A lo cual Burgess nada respondió, limitándose a parecer nervioso y distraído, exactamente la misma actitud que tenía antes de la admonición. Con un indefinido sentimiento de insatisfacción, el jefe de estación ordenó finalmente a su sobrino que terminase el trabajo y clausurase el furgón. Luego, regresó a su oficina.
Muy molesto, el jefe de estación atestiguó tiempo después que no recordaba haber visto ese día a ningún caballero de barba roja en el andén.
En realidad, Pierce había sido uno de los que presenció el terrible episodio de la apertura del ataúd. Vio que la escena se desarrollaba exactamente como él había previsto, y que Agar, con su espantoso maquillaje, había pasado el examen.
Cuando el grupo se dispersó, Pierce se acercó al furgón, acompañado de Barlow. Este llevaba unos bultos extraños en una carretilla, y Pierce experimentó un sentimiento de inquietud cuando advirtió que el propio jefe de estación supervisaba la carga del furgón. Pues si alguien se detenía a pensar en el asunto, la conducta de Pierce era realmente peculiar.

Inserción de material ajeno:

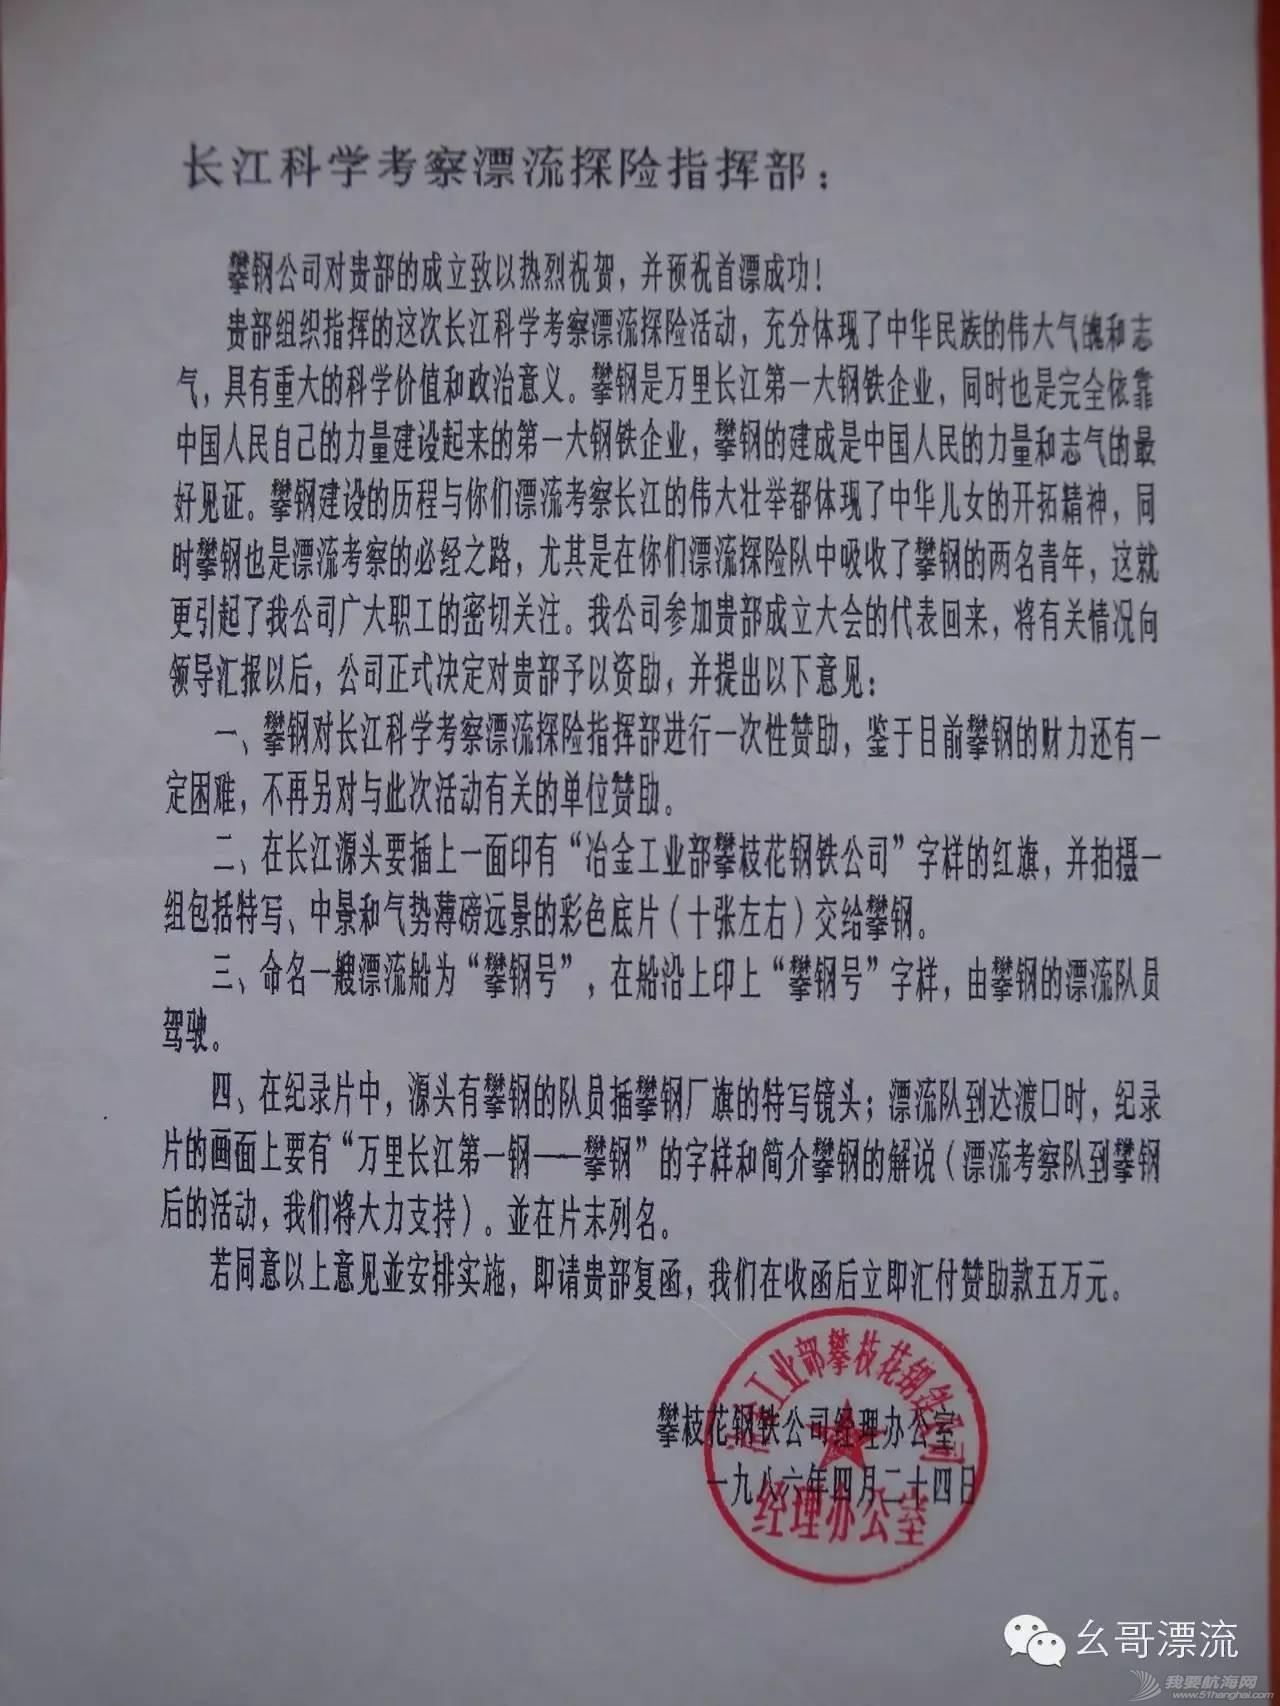 1986年长江漂流发起及经过 e4c113ad643774ec3c5f2bd54beb0cf0.jpg
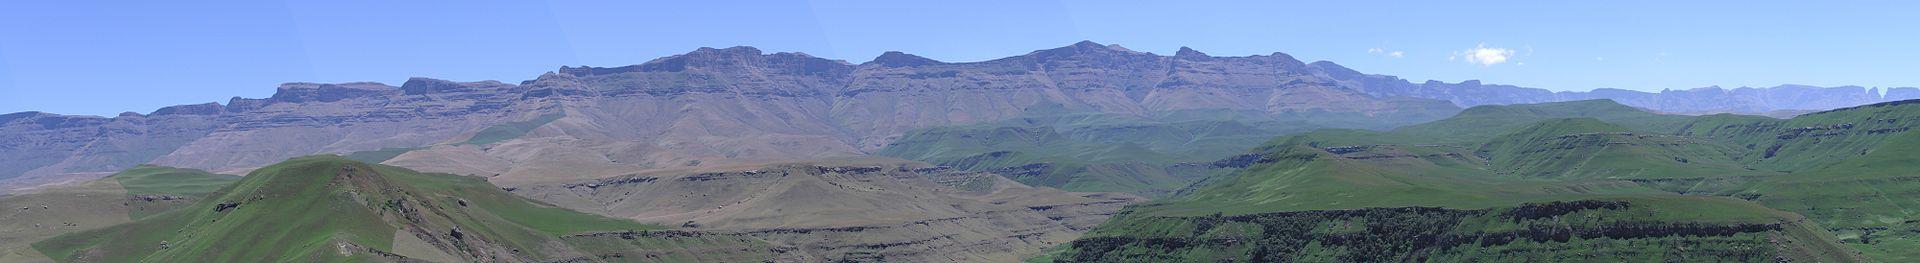 drakensberg, monti dei draghi, sudafrica

De acuerdo con las apariencias era un caballero próspero. Pero su equipaje era realmente extraño: cinco bolsas de cuero idénticas. Sin duda, no era el tipo de cosas que los caballeros transportaban con agrado. El cuero era áspero y las puntadas de las costuras torpes y evidentes. En verdad, eran bolsas sólidas y resistentes, pero al mismo tiempo de una fealdad sin atenuantes.
De todos modos, ninguna era muy grande, y Pierce podría haberlas depositado en el portaequipajes del compartimiento que ocupaba en el vagón de pasajeros, en lugar de llevarlos al furgón. En general, el uso del furgón representaba una molestia porque obligaba a incurrir en demoras al principio y al fin del viaje.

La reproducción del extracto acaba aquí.